Examine your directory structure with the `ls` command. To invoke this command from a jupyter notebook in Google Colab, the `ls` command should be preceded with `!`. 

In [None]:
!ls

Change the working directory of the notebook to within the folder `Open-Access-HCP-Data`. The `cd` command should be preceded with `%`.


In [None]:
%cd Open-Access-HCP-Data 
!ls

In this assignment, we will be working with data from the Human Connectome Project (HCP). You can read more about the data [here](https://github.com/NadiaBlostein/McMedHacks2022_Prep_Week_3_Assignment#readme). Specifically, you will preprocess `.csv` (in the `HCP_csv_data` folder) and `.png` files (in the `HCP_2D_slices_MRI_data` folder).

In [None]:
!ls HCP_2D_slices_MRI_data

In [None]:
!ls HCP_csv_data 

# 1. Load and examine your data

### Preliminary examination of your data

In [None]:
import pandas as pd
import numpy as np

df = pd.read_csv("HCP_csv_data/unrestricted_HCP_behavioral.csv")
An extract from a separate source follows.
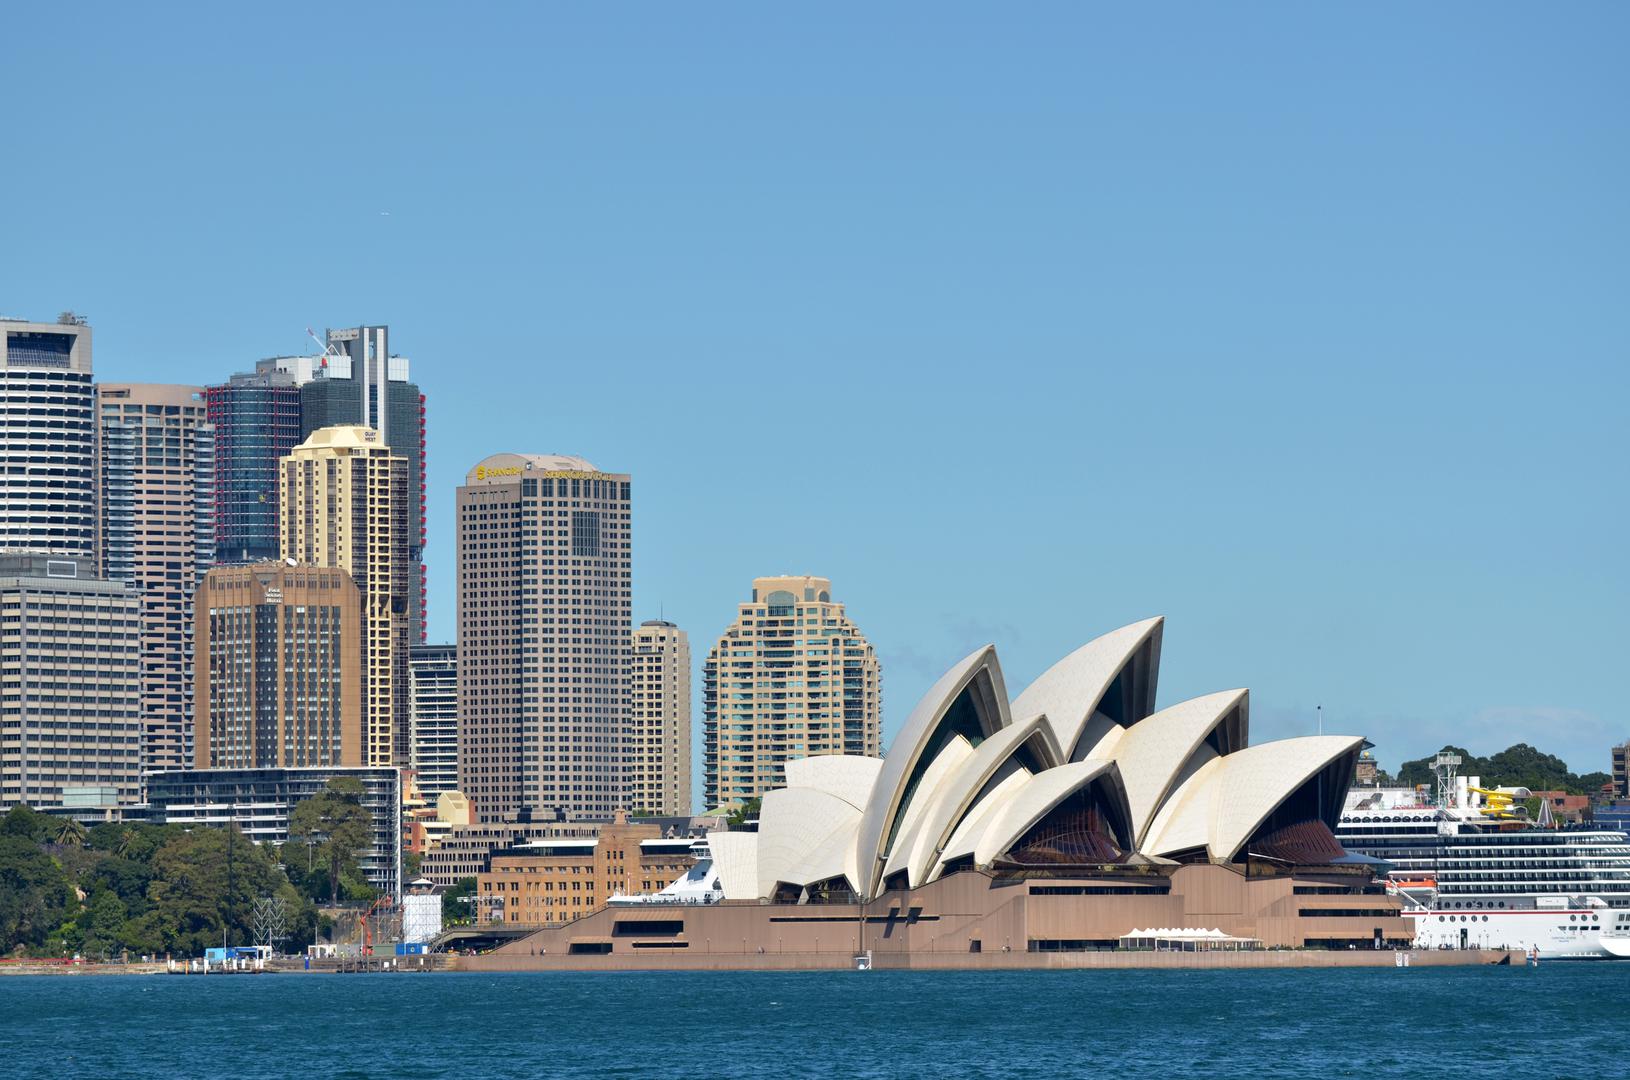 6. Australija: Australiji je upravo izmaklo mjesto među prvih pet, ali je i dalje jedna od najljubaznijih zemalja na svijetu za turiste. Plaže su naravno jedna od njenih glavnih atrakcija, ali nemojte propustite ni zabavan gradski život u Melbourneu i Sydneyu.

**Question 1:** How many subjects (rows) and features (columns) do you have? PS: you cannot always assume that your subjects are rows and features are columns, and sometimes there may be rows with useless information that you need to remove.

In [None]:
#@title
print(f"Num subjects: {df.shape[0]}")
print(f"Num features: {df.shape[1]}")

Feel free to examine your data frame in the empty code cell below. Examples of valuable commands for a preliminary look at one's data frame: `df.info()`, `df.describe()`, `df.columns()`, `df.head()`, `df.tail`.

Next, we will select the `Gender` column to count how many instances we have of each value.

In [None]:
print(f"unique values of column: {df['Gender'].unique()}") # prints list of unique values in a feature / column
print(f"\nvalue counts of column:\n{df['Gender'].value_counts()}") # counts how many times each unique value in a feature / column occurs

**Question 2:** Is there another way to count how many males and females are in this dataset? 

In [None]:
#@title
print(f"Number females: {len(df[df['Gender']=='F'])}")
print(f"Number males: {len(df[df['Gender']=='M'])}")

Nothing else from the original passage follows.